Another sign that it’s early is that foundational parts of crypto theory like Joel Manegro’s Fat Protocol post , which has been repeated ad infinitum, is being questioned and rethought by Teemu Paivinen, Jake Brukhman and others (h/t Yannick Roux).

2. Bitcoin Is A Confidence Game, Utility Tokens Are Awesome But Legally Challenging, Security Tokens Are Going To Be Huge

The chart below provides a simple way to think about the three types of cryptocurrencies.

https://i0.wp.com/www.zerohedge.com/sites/default/files/images/user3303/imageroot/2017/10/20/20171022_crytpo2.gif

On the currency side, while Bitcoin is a crypto leader in payments, it’s rise in it’s value has little to do with the currency applications of Bitcoin, and all to do with it being a store of value. Therefore, Bitcoin is simply a confidence game  as are ALL store of values. As with other assets, the higher Bitcoin’s value goes, the more confident investors become, which is another factor driving bubbles. After being used as a store of value for thousands of years, it’s easier to believe in gold as a store of value (hence the rocks have a total market cap/are storing over $7 trillion in value vs. $75 billion for Bitcoin today). I believe Bitcoin will continue to gain share of value storage. I’m a HODLer.

Utility Tokens like Civic which provide a digital good in return for the token (in Civic’s case they provide businesses and individuals the tools to control and protect identities) are an exciting new way to fuel ecosystems.
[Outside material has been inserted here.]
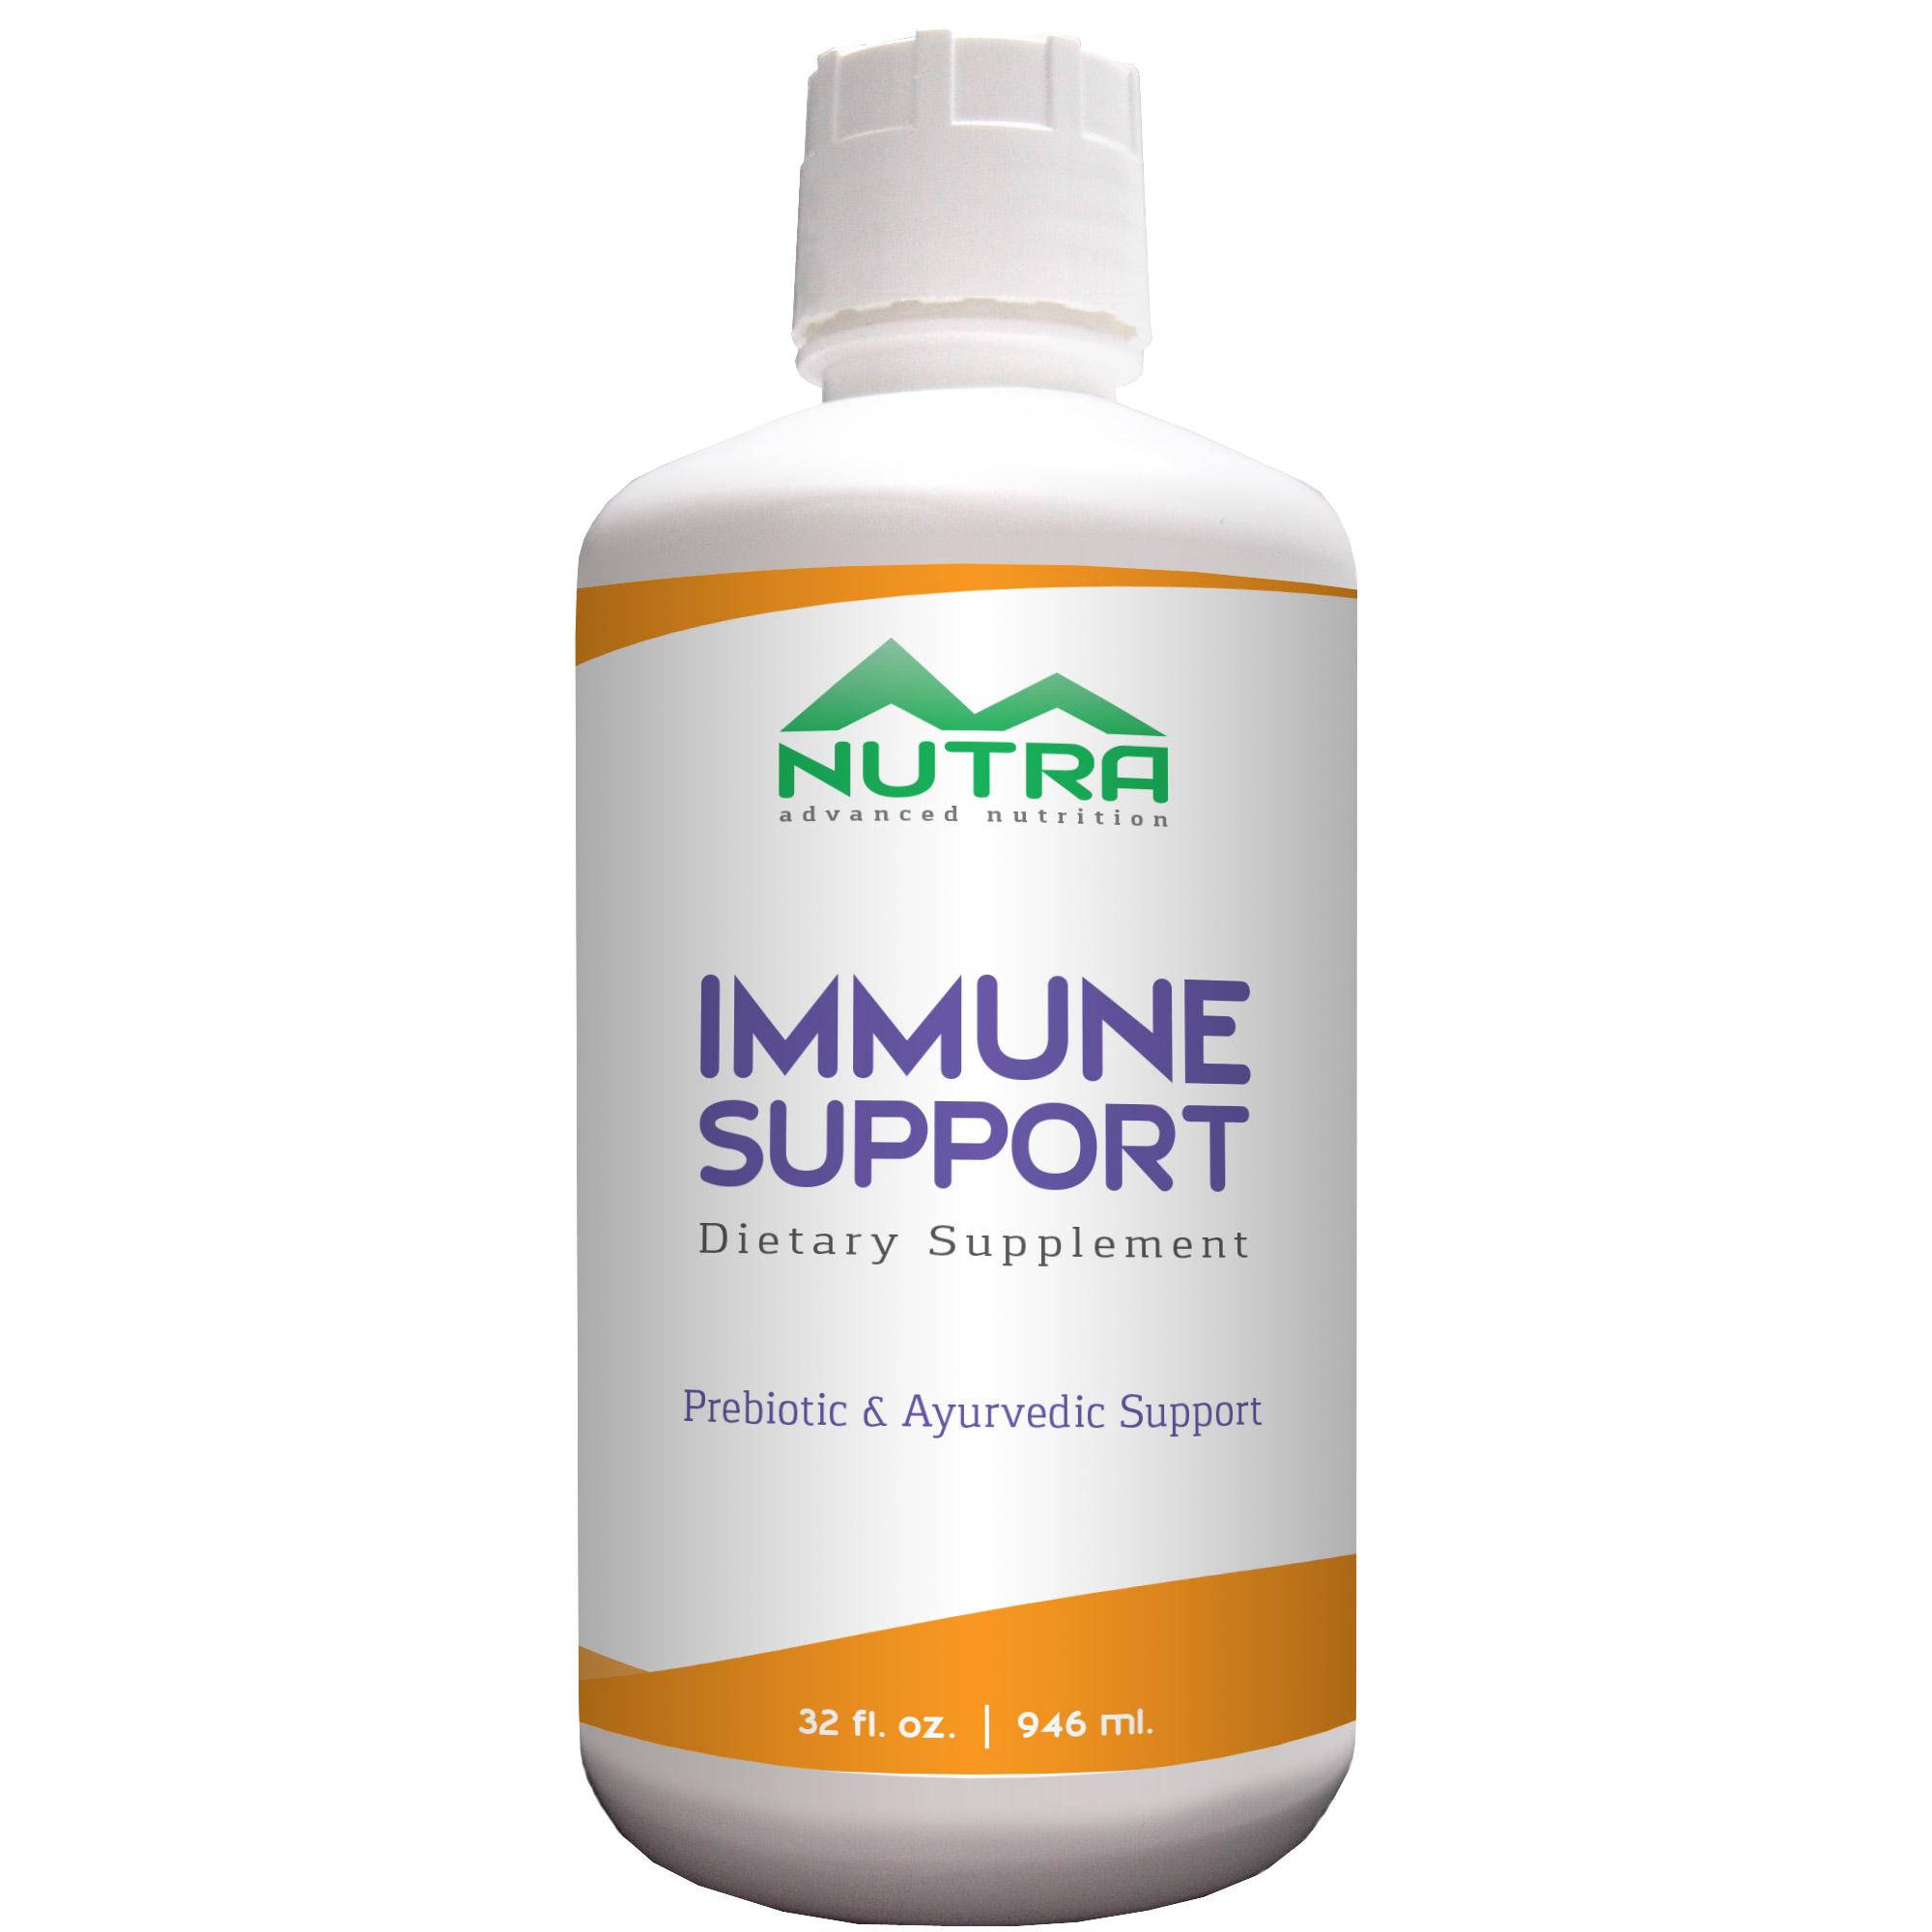 White Label Supplements Liquid Vitamins | Private Label
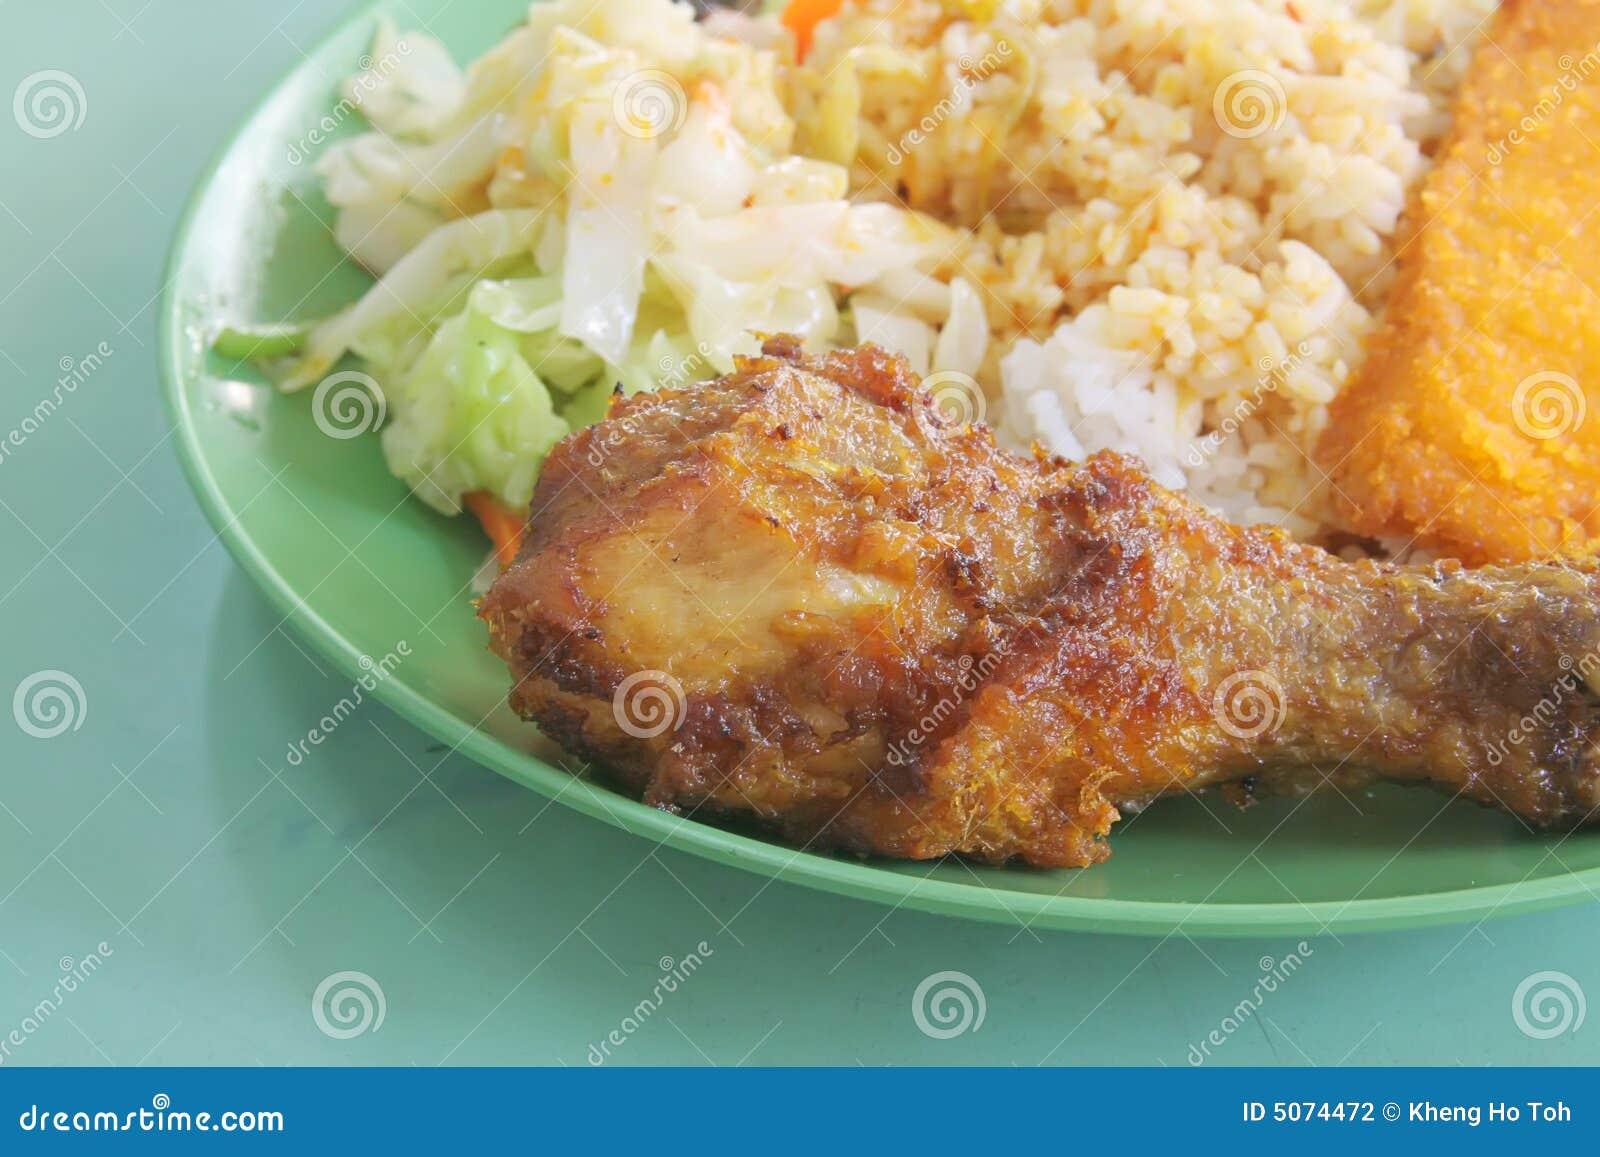 Local Asian Hawker Mixed Rice Food Fare

However, in the SAFT White Paper published by Cooley and Protocol Labs last week, a whole section is titled “Pre-functional Utility Token Sales Are More Likely to Pass the Howey Test”, which is another way of saying the SEC is likely to deem them a security. Hence they propose the SAFT as an instrument to address this risk.

The third type of token are Security Tokens, which are similar to shares, as they convey ownership interests. The cool thing about Security Tokens is that they’re liquid (assuming there’s someone who wants to buy them and security laws are addressed), and companies can access a global investor base when raising capital/doing an ICO. While most of the ICOs to date have been Utility Tokens, because of the massive advantages that Security Tokens have over traditional capital raising, I think the total market cap of all security tokens will be much larger than the total market cap of all utility tokens.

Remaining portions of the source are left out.